We can make a map of the records. For that, we can use a handy function from the `obistools` package.

In [None]:
library(obistools)

plot_map(lych_var)

OBIS is different in that it was created and is optimized for marine data. It matches its taxonomic names (the species identity) with the World Register of Marine Species (WoRMS). Each species (or any other taxonomic level) has a unique ID called **AphiaID**. You can see for example the entry for _Lytechinus variegatus_ [here.](https://www.marinespecies.org/aphia.php?p=taxdetails&id=367850)

This is important because species names can change over time, in case a species is reclassified into another group or when we discover that one species can be in fact multiple species.

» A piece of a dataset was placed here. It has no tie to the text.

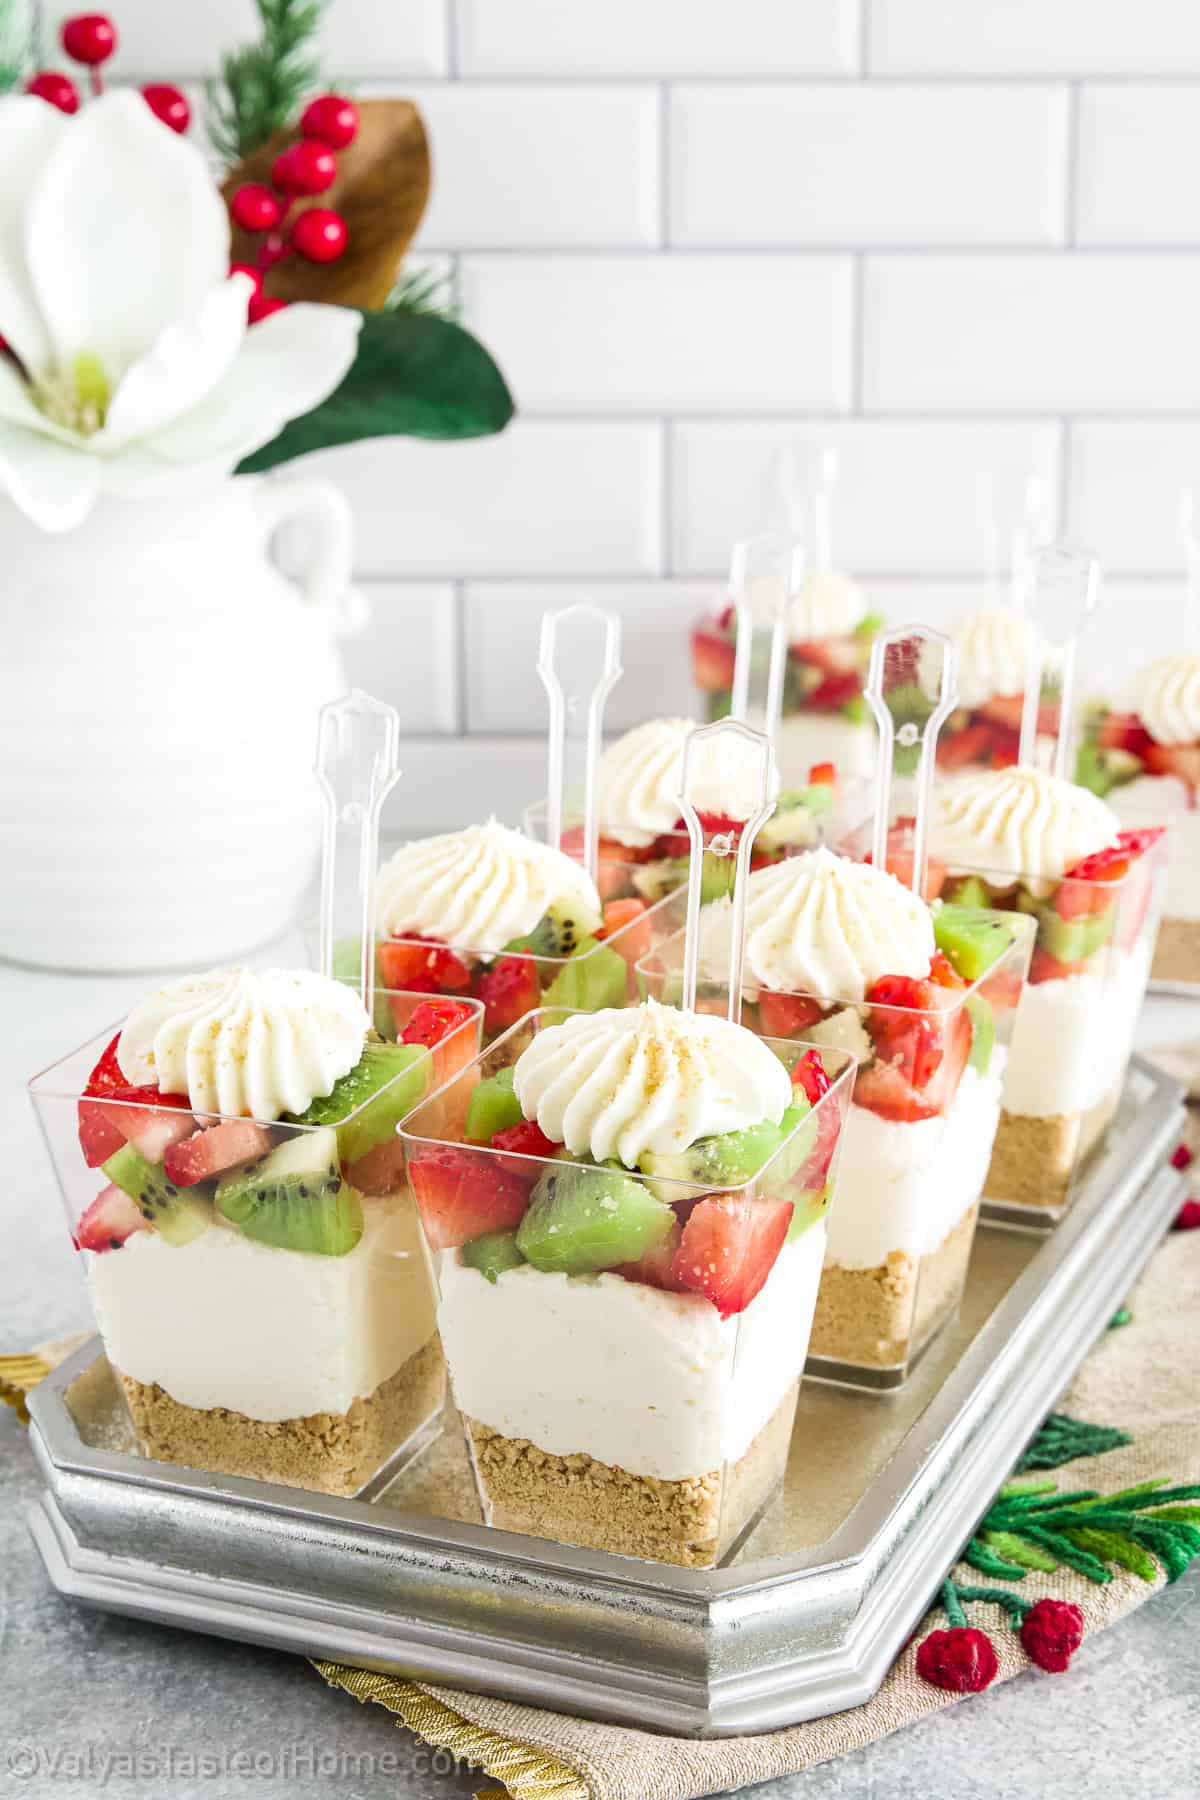 And this particular recipe is for Strawberry Kiwi Cheesecake Parfaits that have a delicious graham cracker crust layer, topped with a cheesecake filling, and topped with strawberries and kiwis.

The `occurrence` function also accepts taxonid. So, the same we did on the first cell, can be done with:

In [None]:
# This is the same as
# lych_var <- occurrence("Lytechinus variegatus")
lych_var <- occurrence(taxonid = 367850)

Let's try the other taxonomic levels:

In [None]:
lych_genus <- occurrence("Lytechinus")

nrow(lych_genus)
table(lych_genus$scientificName)

toxop_fam <- occurrence("Toxopneustidae")

nrow(toxop_fam)
table(toxop_fam$scientificName)

Records are organized in **datasets** that group data that was collected in a particular survey, study, monitoring, etc. We can get additional information about datasets using the `dataset` function (which can also be used to list all datasets for a specific `scientificName`).

In [None]:
# Get the number of records by dataset
lych_var_ds <- lych_var |> 
    group_by(dataset_id) |> 
    summarise(records = n())

high_n <- lych_var_ds[order(lych_var_ds$records, decreasing = T), "dataset_id"]

ds_info <- dataset(datasetid = high_n$dataset_id)

head(ds_info[,1:5])